[WHAT THE EXERCISE ASKS] A word-for-word copy of the following listing is needed. Leave out its images.

[DATASET SECTION]
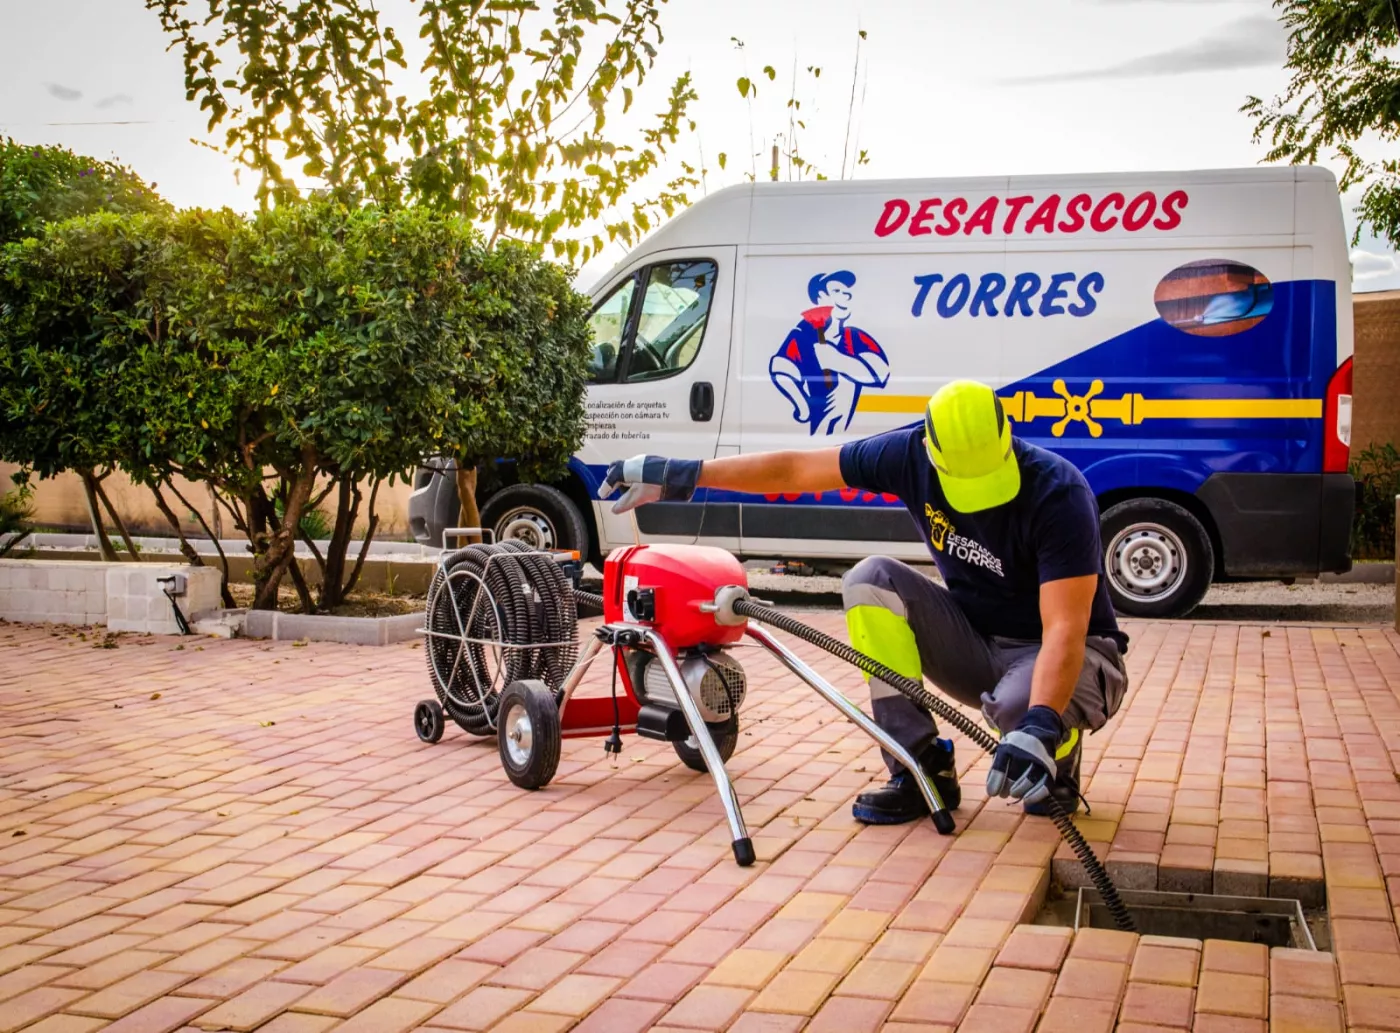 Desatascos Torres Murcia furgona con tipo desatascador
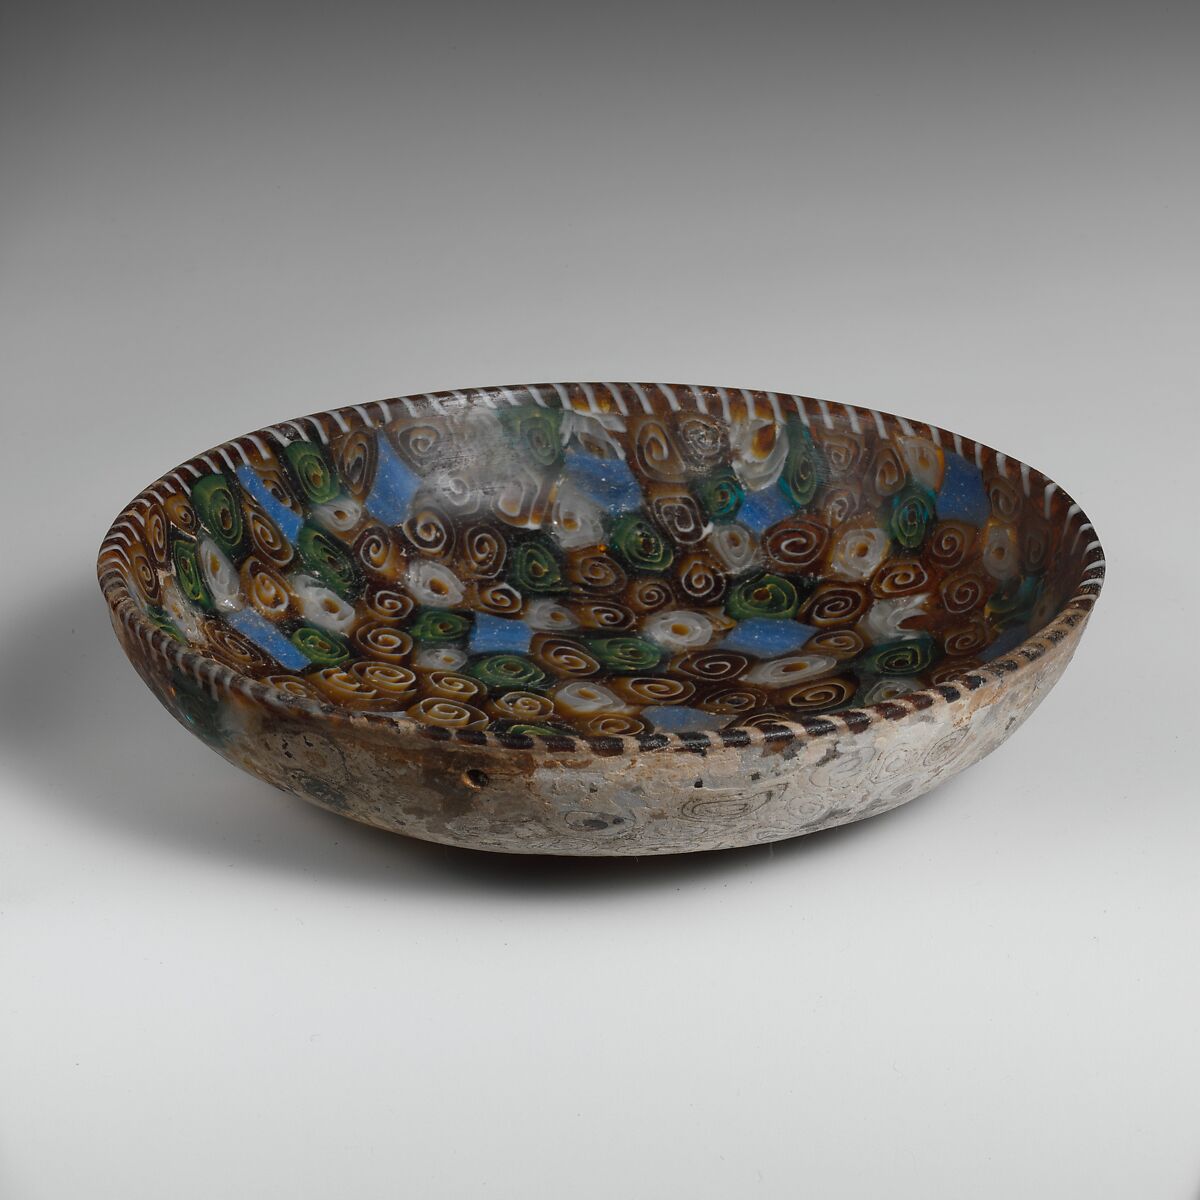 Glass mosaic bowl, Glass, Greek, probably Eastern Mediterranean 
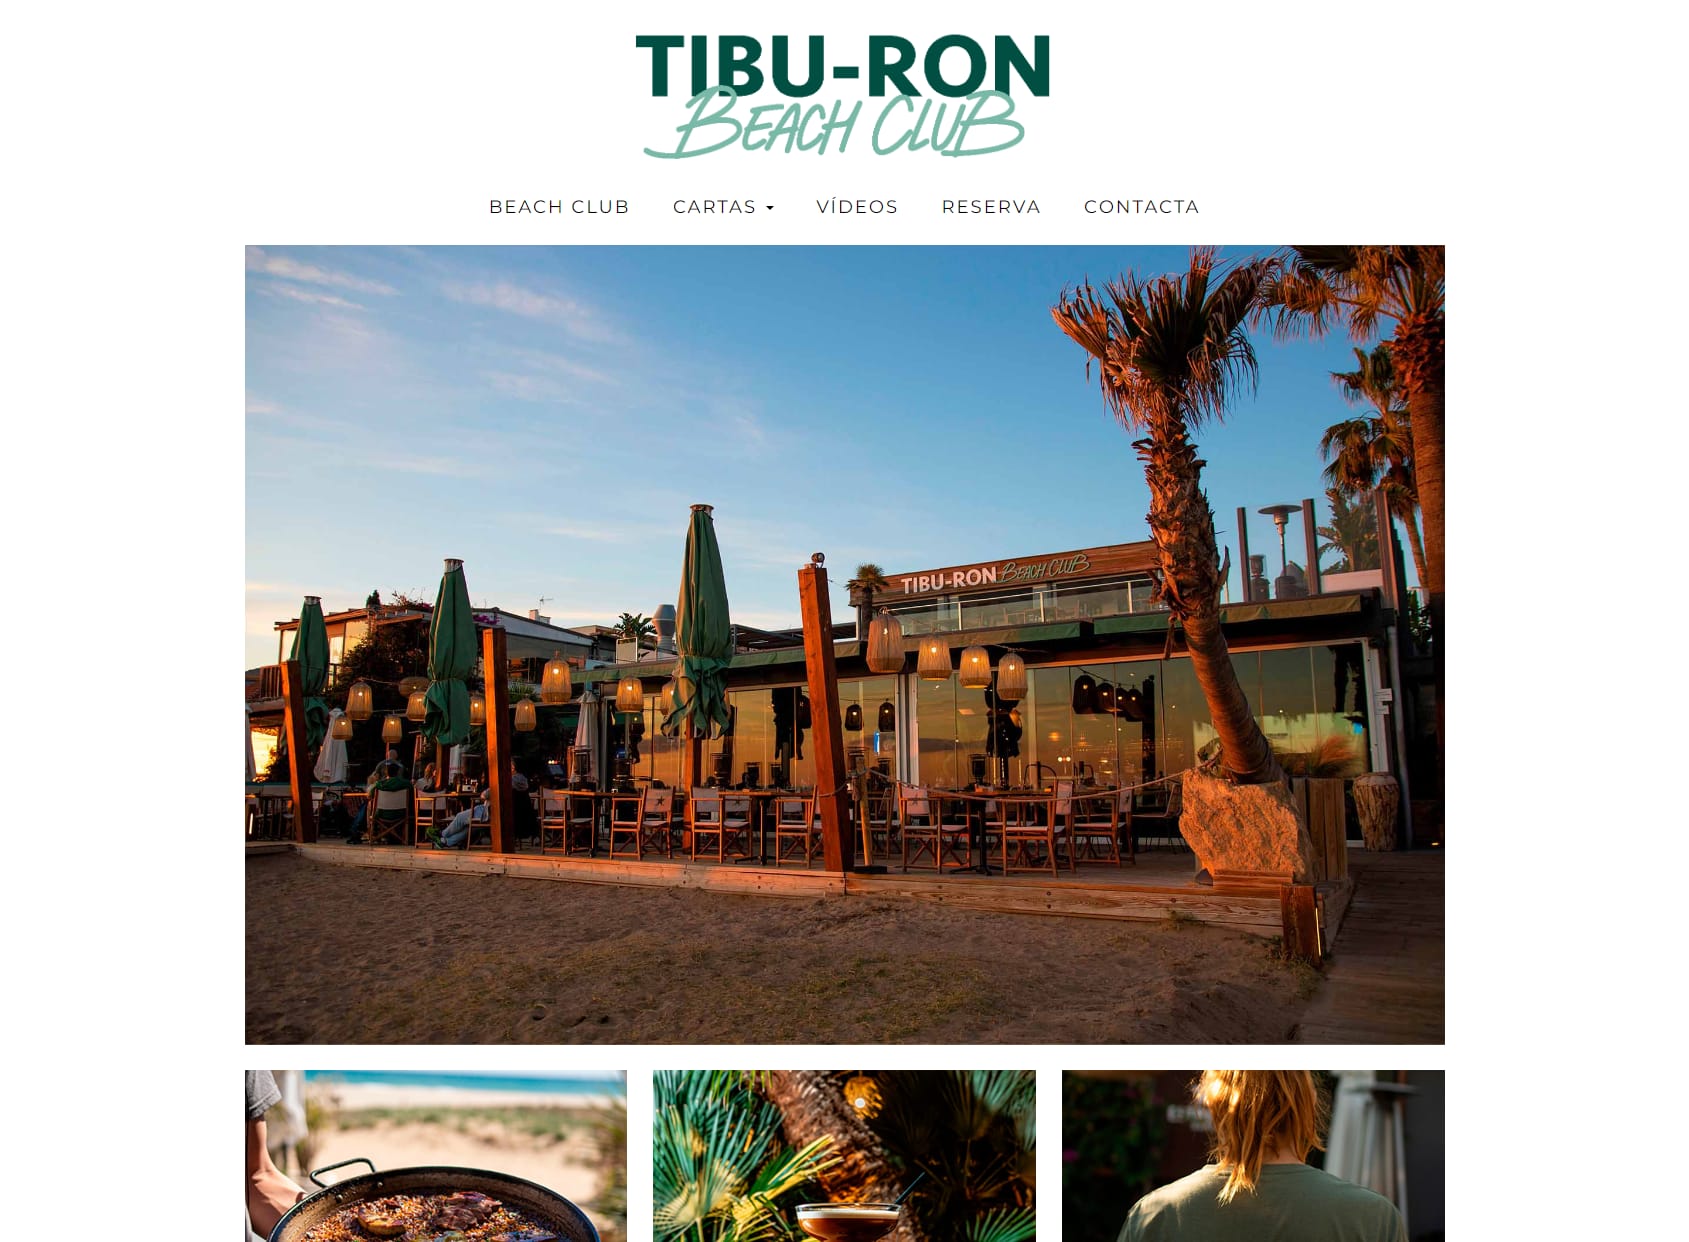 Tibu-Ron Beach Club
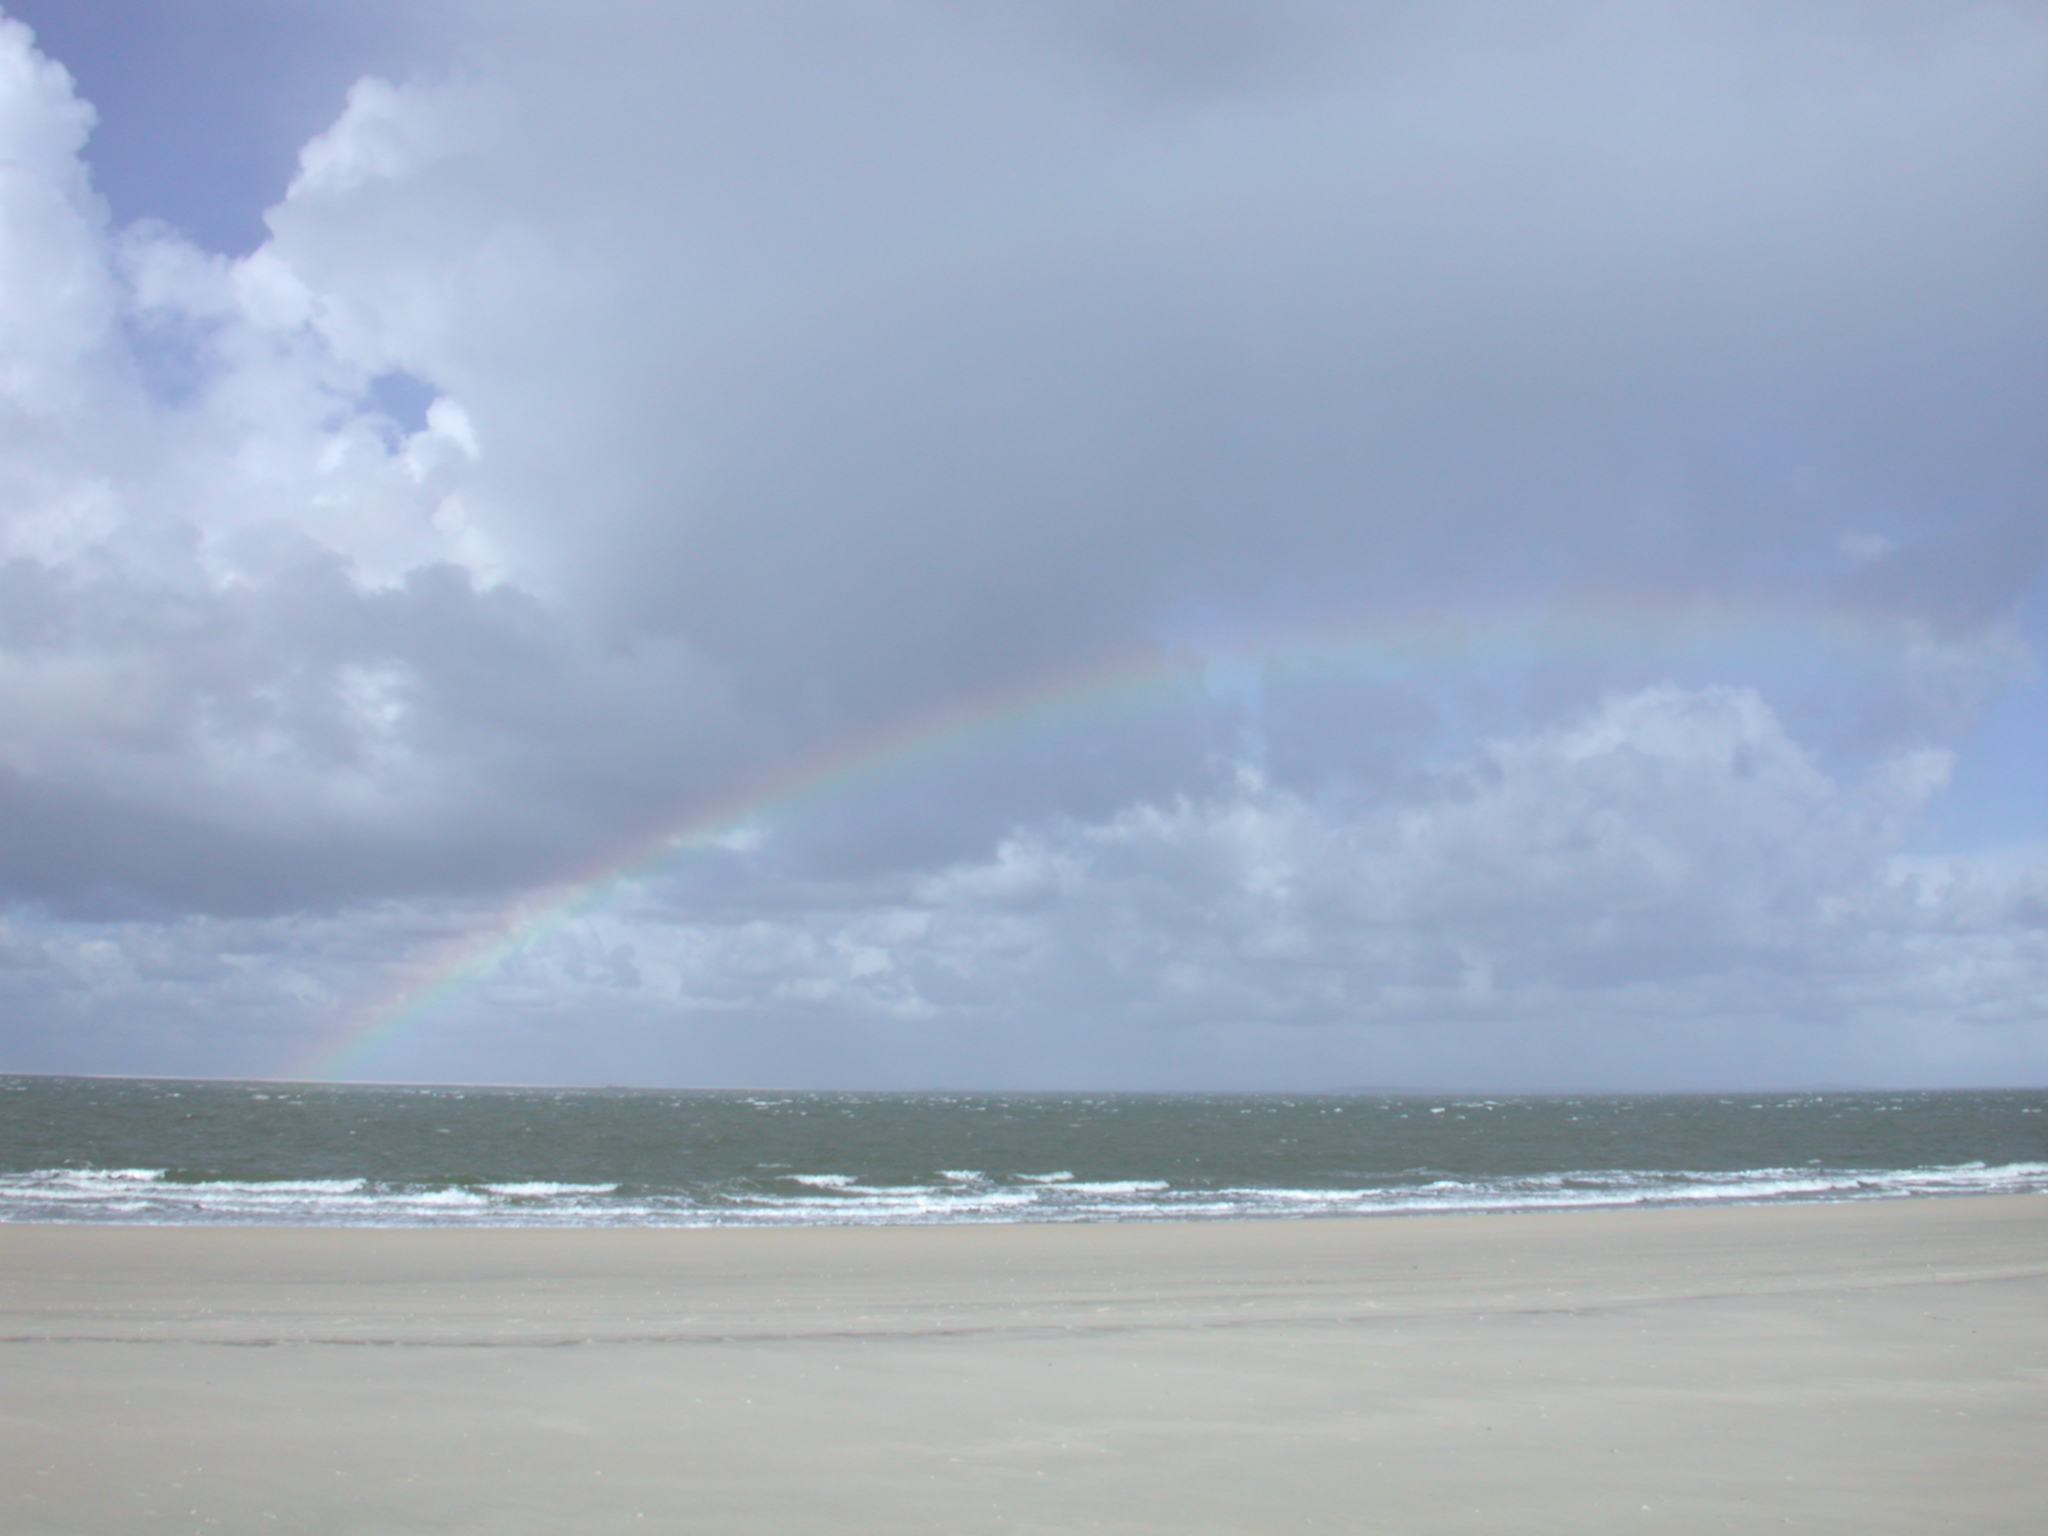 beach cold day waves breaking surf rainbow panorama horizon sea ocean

[SOLUTION FOR THIS EXERCISE]
 Desatascos Torres Murcia furgona con tipo desatascador
 Glass mosaic bowl, Glass, Greek, probably Eastern Mediterranean 
 Tibu-Ron Beach Club
 beach cold day waves breaking surf rainbow panorama horizon sea ocean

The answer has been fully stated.